Supreme Court Code of Judicial Conduct Task Force
January 16, 2009
Code of Judicial Conduct (CJC) Task Force
Friday, January 16, 2009
Judge Alan R. Hancock (co-chair), Judge Joel M. Penoyar (co-chair), Mr. C. Matthew Andersen, Ms. Marcine Anderson, Judge Mary Kay Becker, Ms. Margery L. Dickinson, Ms. Elizabeth Fraser Cullen, Judge Robert B. McSeveney, Ms. Ruth Schroeder, Mr. John W. Sleeter, Judge Kenneth D. Williams, and Judge Susan J. Woodard. Guests: Mr. Charles Wiggins
Justice Charles W. Johnson, Judge John A. McCarthy, Justice Richard B. Sanders, and Judge John Schultheis
Ms. Nan Sullins and Ms. Caroline Tawes
Call to Order and Introductions
Judge Hancock, CJC Task Force co-chair, called the meeting to order at 9:07a.m. He asked if there were any changes or comments to the draft minutes from the November 12, 2008, CJC meeting.

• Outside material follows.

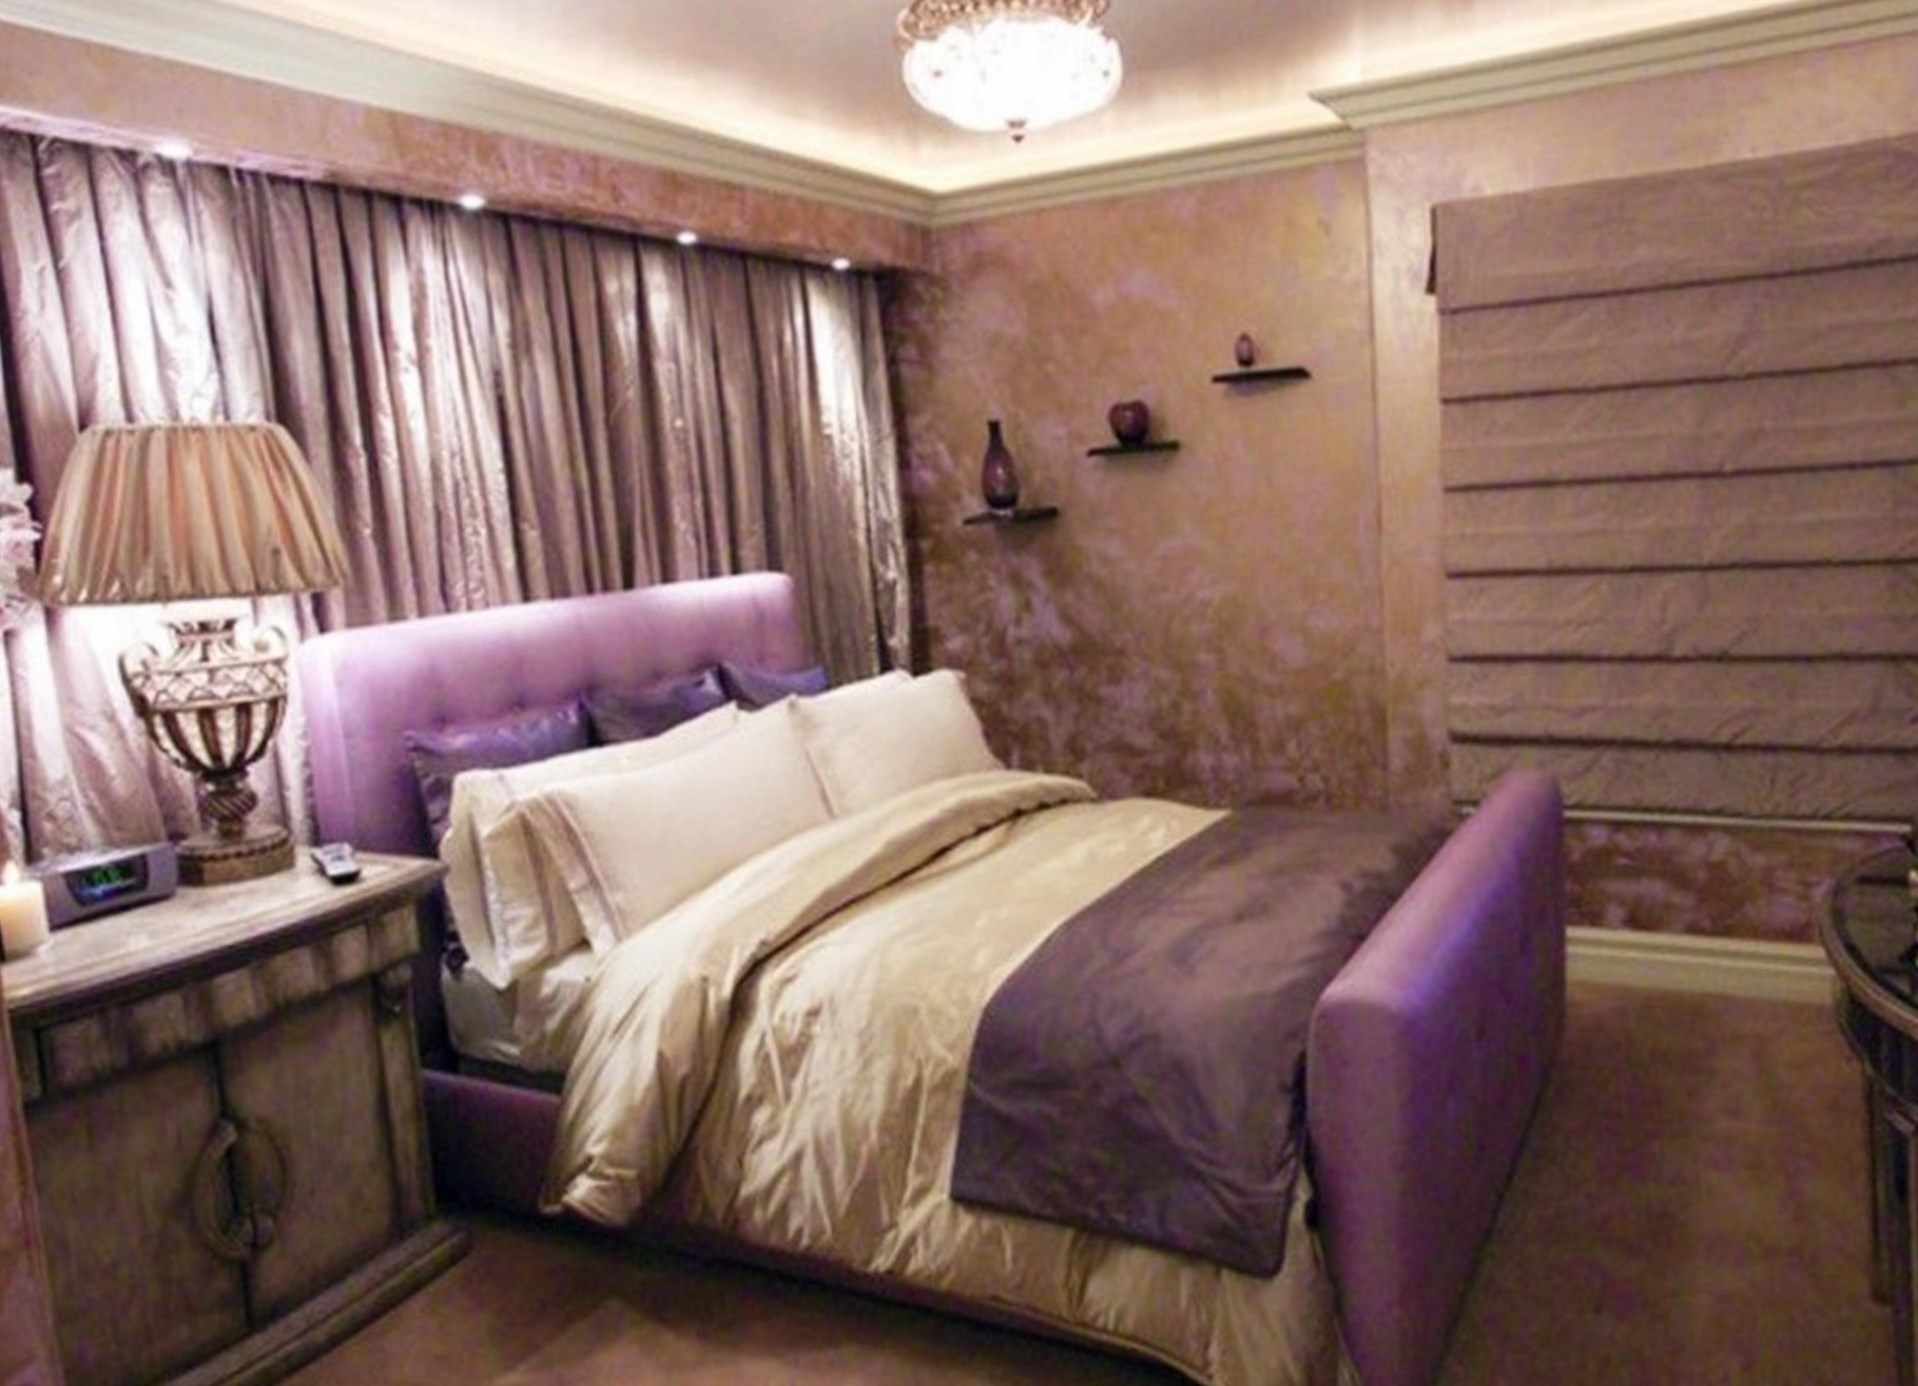 het idee van een heldere decoratie van het wanddecor in de slaapkamer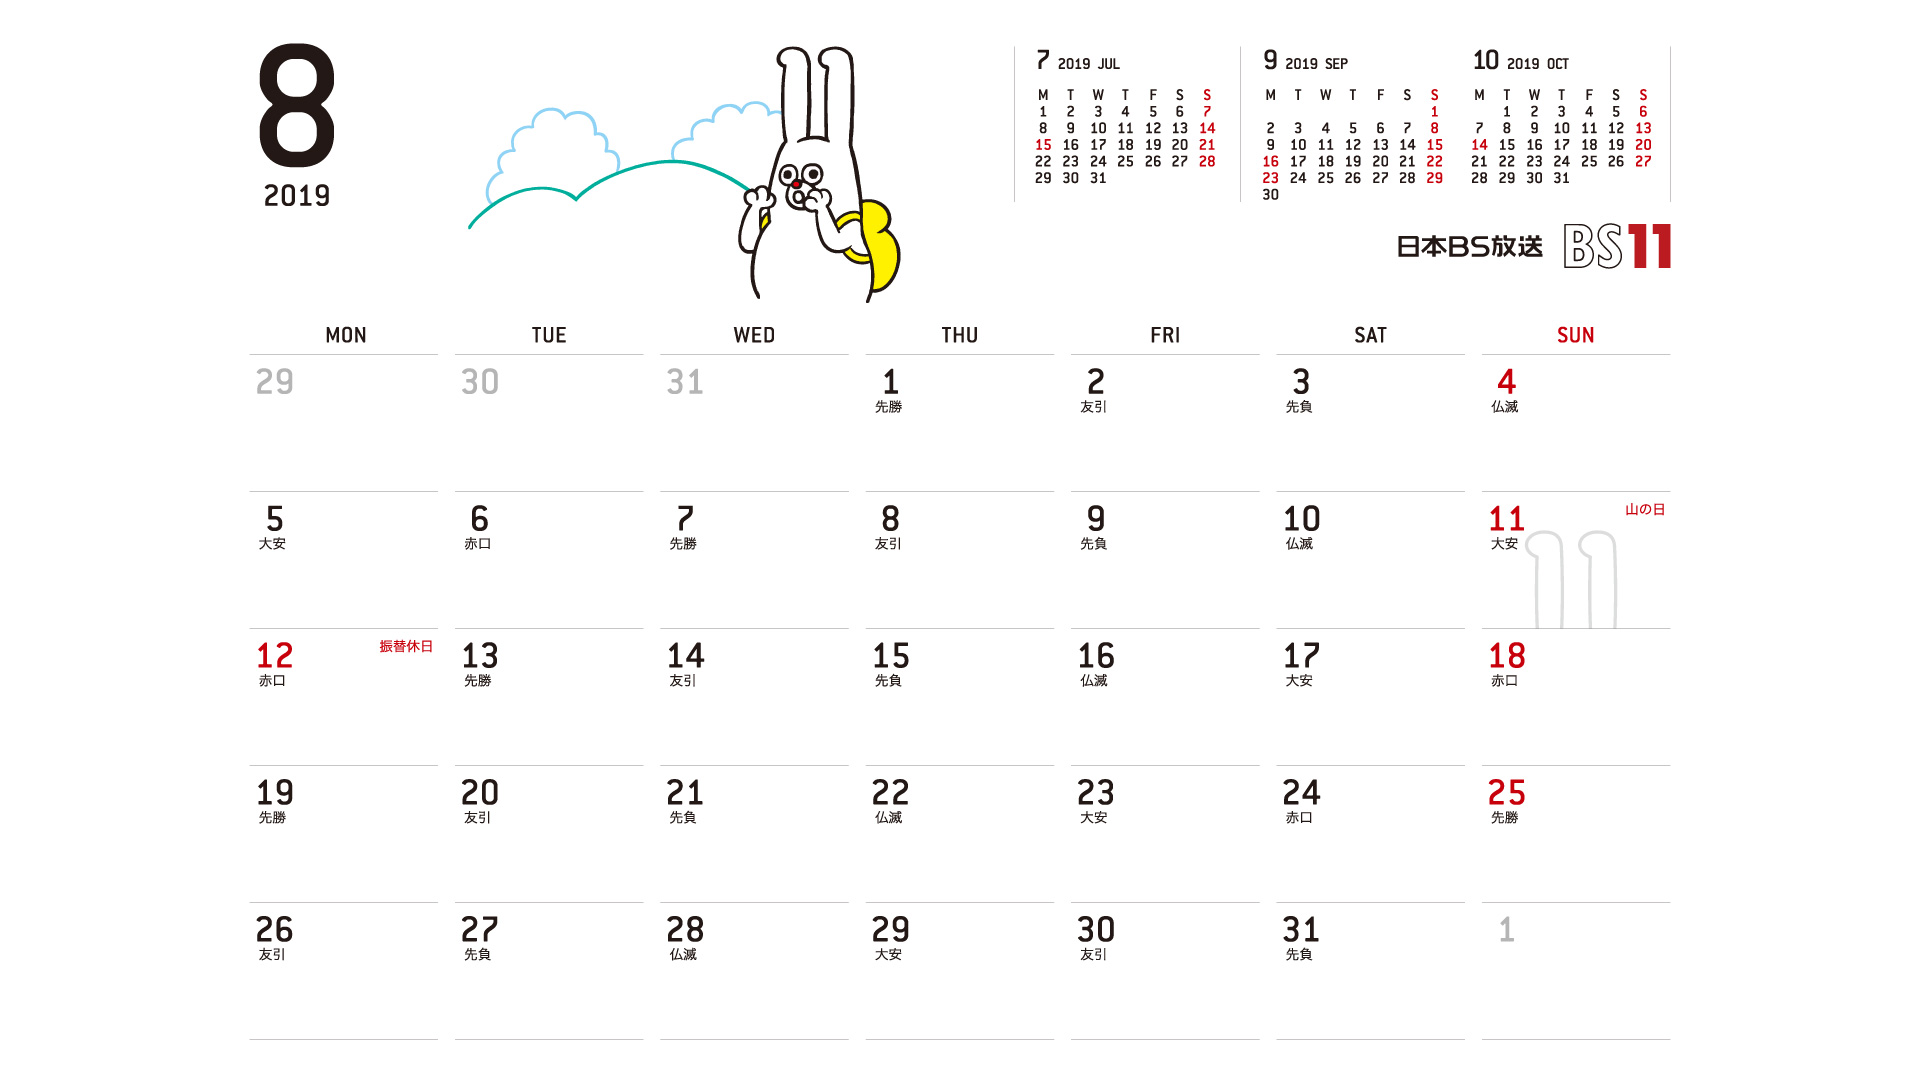 じゅういっちゃんのデジタルカレンダー2019年08月 Bs11 イレブン

Minutes were moved, second, and carried to approve the minutes with no changes.
Judge Hancock introduced and welcomed Mr. Tom Fitzpatrick and Judge Susan Woodard to the Task Force.
Spring Conference Presentations
Judge Penoyar asked the members if the CJC presentation team at the spring conferences should all be the same or different for each conference. Judge Penoyar will be at the Appellate Conference and thought the CJC presentation should use hypothetical illustrations rather than just comparing the Washington State Code and the ABA Code. Judge Hancock said the team should use audio visual aids and interaction to make it interesting. Judge Becker suggested possible approaches to discussing the rules. Hancock suggested focusing on the controversial issues. Judge Becker agreed to be on the Appellate Judges’ Spring Conference presentation panel.
Judge Hancock will attend the Superior Court Judges’ Association (SCJA) Spring Conference, and he and Judge Williams will be on the CJC panel. Judge McSeveney and Judge Woodard will present at the District and Municipal Court Judges’ Association (DMCJA) Spring Conference. Ms. Sullins will attend the Appellate and DMCJA conferences, but will not be able to attend SCJA conference. Mr. Fitzpatrick agreed to participate on both the SCJA and Appellate Conference panels.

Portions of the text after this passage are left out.